The detailed Western blot steps were as previously described[19]. The membranes were incubated with primary antibodies (dilution: 1:1000-2000) (Supplemental Table 1) at 4 °C overnight, and then secondary IgG-HRP antibodies (dilution: 1:5000) (goat anti-mouse IgG or goat anti-rabbit IgG, Pioneer Biotechnology, China) were used. Bands were developed using a digital gel image analysis system (Bio-Rad, United States), and the expression levels of proteins were calculated by ImageJ software as the intensity relative to that of β-actin.
All measurement data are expressed as the means ± standard error of the mean. Because we were not assessing multiple dependent variables simultaneously in the current study, the differences between groups were compared by one-way ANOVA and Student-Newman-Keuls test. One-way ANOVA was used to analyze the differences between groups. All analyses were conducted with data statistics software GraphPad Prism version 8.0 (GraphPad Software, Inc., United States). P < 0.05 represented a significant difference.
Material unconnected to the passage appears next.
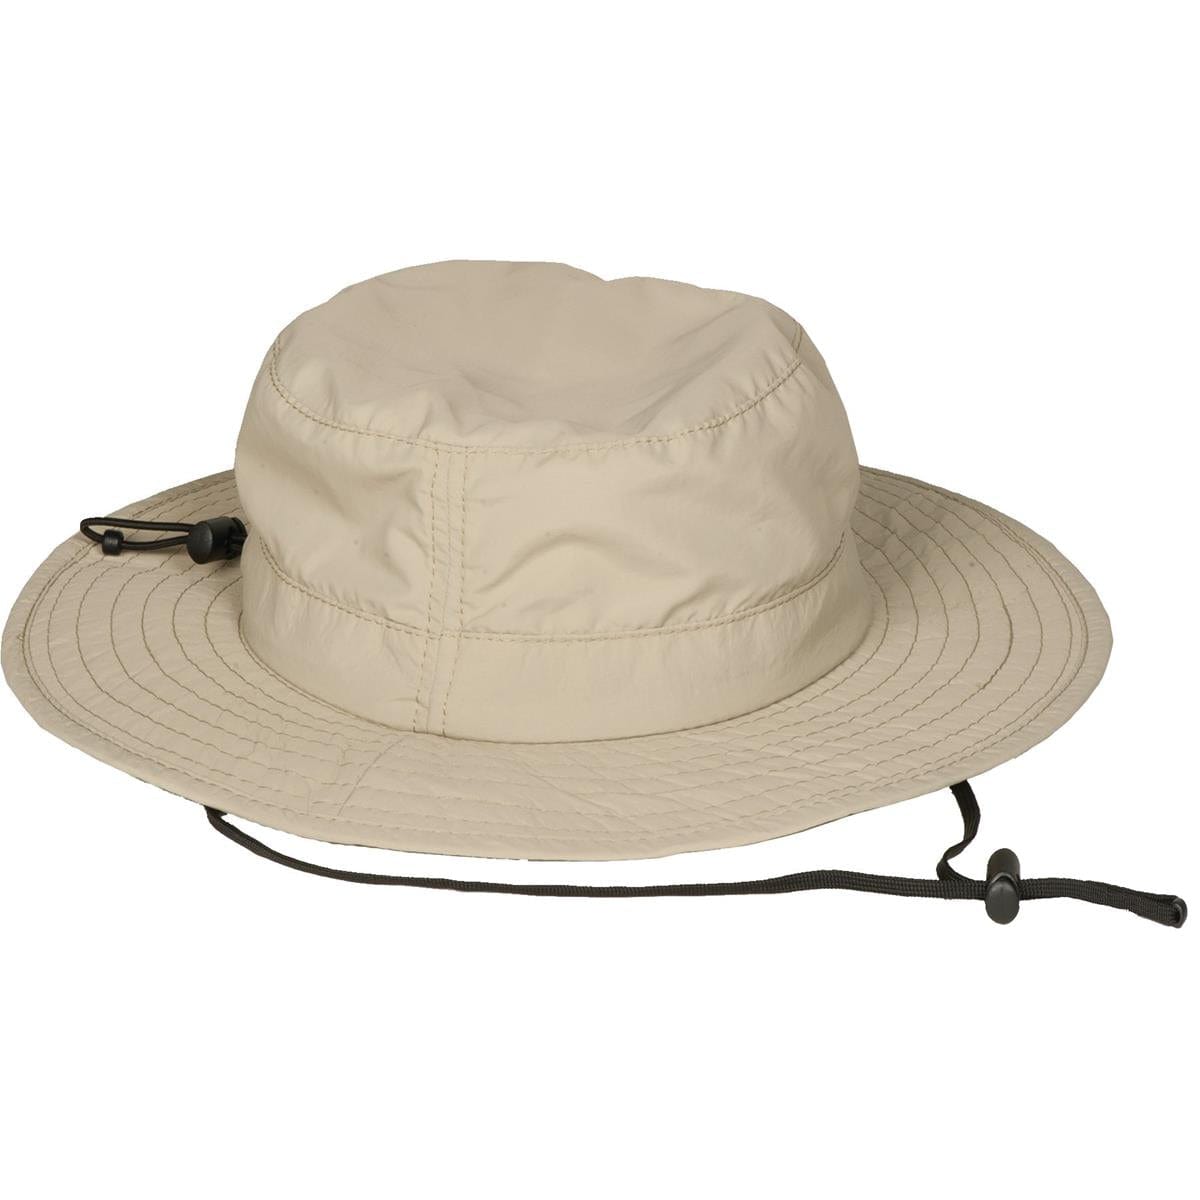 Supplex® Coolmax® Booney-Style Sun Hat

Damage to the epithelial cells and basal cells of the small intestine leads to the absorption of a large amount of harmful substances into the blood and aggravates AP[2,21,22]. Therefore, we examined the intestinal lesions in AP mice in each group. As shown in Figure 2A and 2B, the number of intestinal villi decreased, and edema and dislodging were observed in the villi of the small intestine. The basal intestinal barrier was damaged, and numerous inflammatory cells infiltrated the intestine in vehicle-treated AP mice. The intestinal histological score of the vehicle-treated group was 7.3-times higher than that of the control group (P < 0.05). However, the administration of 250 μg/kg irisin improved the intestinal architecture, significantly reducing intestinal edema and decreasing the injury score (P < 0.05). However, 50 μg/kg irisin only slightly reduced the intestinal injury (P > 0.05, Figure 2A and B). These results suggest that irisin can reduce intestinal tissue damage in AP mice in a dose-dependent manner.
AP can lead to the apoptosis of intestinal cells in mice, which causes intestinal damage and affects the intestinal barrier function[23,24]. Therefore, we examined the apoptosis of intestinal cells to investigate the protective effect of irisin on intestinal tissue in AP mice. As shown in Figure 3A and 3B, TUNEL staining showed a significant increase in apoptosis in the basal and villous cells of the intestine in AP mice (P < 0.05). However, the administration of irisin effectively reduced intestinal apoptosis in AP mice in a dose-dependent manner (P < 0.05, Figure 3A and B).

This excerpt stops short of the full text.